The earliest preclinical stage of the disease is the Subjective Cognitive Decline (SCD) (Jessen et al., 2014). It is a self-reported measure of impaired cognitive abilities when standard tests might not yet discern objective impairment. Neuroimaging findings in subjects with SCD are consistent with the pathological alterations in MCI and dementia due to AD (Wang et al., 2020), including structural changes in olfactory regions (Chen et al., 2022; Papadatos and Phillips, 2023). This corresponds to other findings that individuals with SCD are more likely to develop MCI (about 15%) and dementia (about 27%) (Mitchell et al., 2014). SCD was also found to be linked with an increased probability of AD-related biomarker abnormalities (Glodzik-Sobanska et al., 2007). Multiple studies have indicated that SCD individuals demonstrate a significant odor identification impairment compared to controls (Jobin et al., 2021; Sohrabi et al., 2009; Wang et al., 2021). Meta-analytic findings (Bouhaben et al., 2024; Jung et al., 2019; Rahayel et al., 2012; Silva et al., 2018) proposed that among the olfactory domains, identification appears to be the most altered in the AD continuum, and impaired olfactory identification was suggested to be a better predictor of cognitive decline than deficits in verbal episodic memory (Devanand et al., 2008).

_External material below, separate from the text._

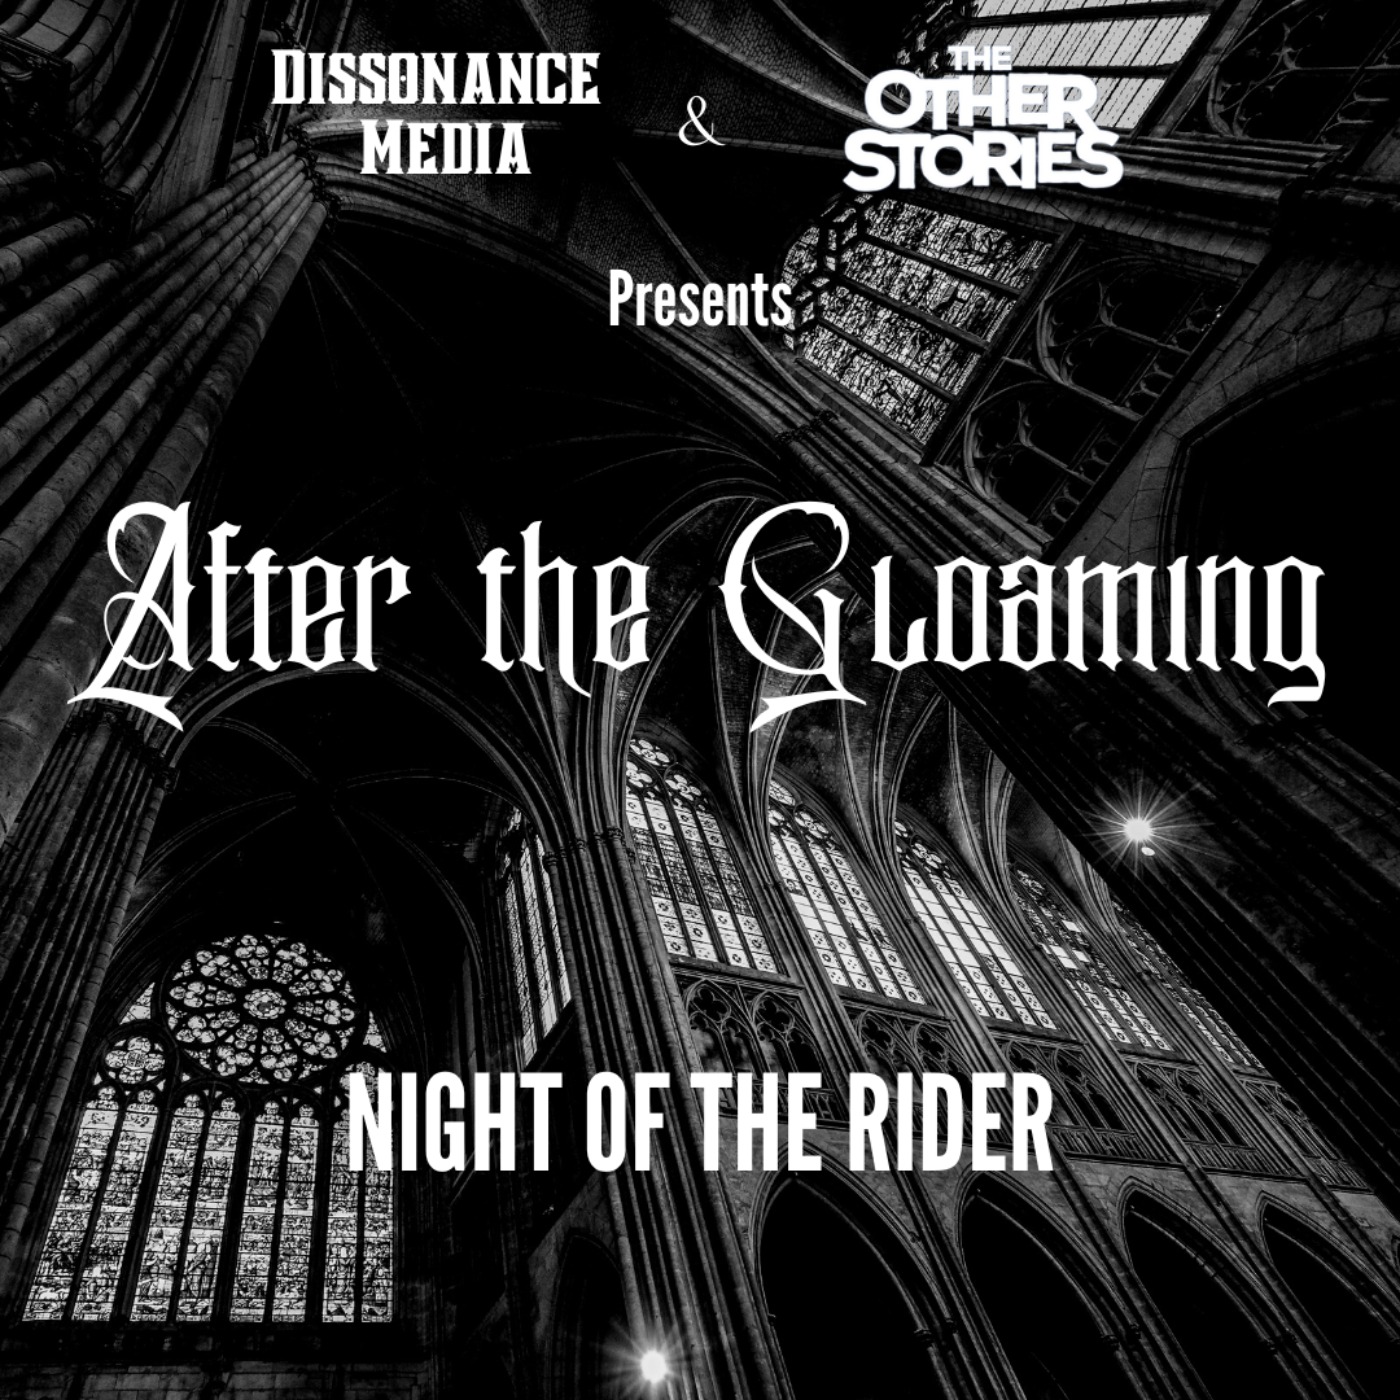 Night of the Rider

MCI includes degradation in at least one cognitive domain while daily functioning remains intact (Petersen et al., 2001; Petersen et al., 1997). Individuals with MCI can be subdivided into two categories: amnestic MCI (aMCI) and non-amnestic MCI (naMCI) (Portet, 2006). Those with aMCI exhibit memory loss as a primary symptom, whereas individuals with naMCI primarily display impairment across other cognitive domains. One study indicates that decreased odor identification is associated with an increased risk of developing aMCI, while its relationship with naMCI remains less clear (Roberts et al., 2016). However, other research suggests that OD may be significantly associated with both MCI subtypes (Vyhnalek et al., 2015; Dong et al., 2023). Importantly, proportional relationships between cognitive impairment and odor identification deficits have been observed in individuals with MCI, with olfactory identification emerging as a robust marker for distinguishing individuals with MCI from healthy controls and for predicting progression to dementia (Touliou et al., 2021). Research has consistently highlighted odor identification as the most affected olfactory domain in AD (Bouhaben et al., 2024; Jung et al., 2019; Rahayel et al., 2012; Roalf et al., 2017). In general, independently from other factors such as age and MMSE score, odor identification impairment was found to be a predictor for dementia (Conti et al., 2013).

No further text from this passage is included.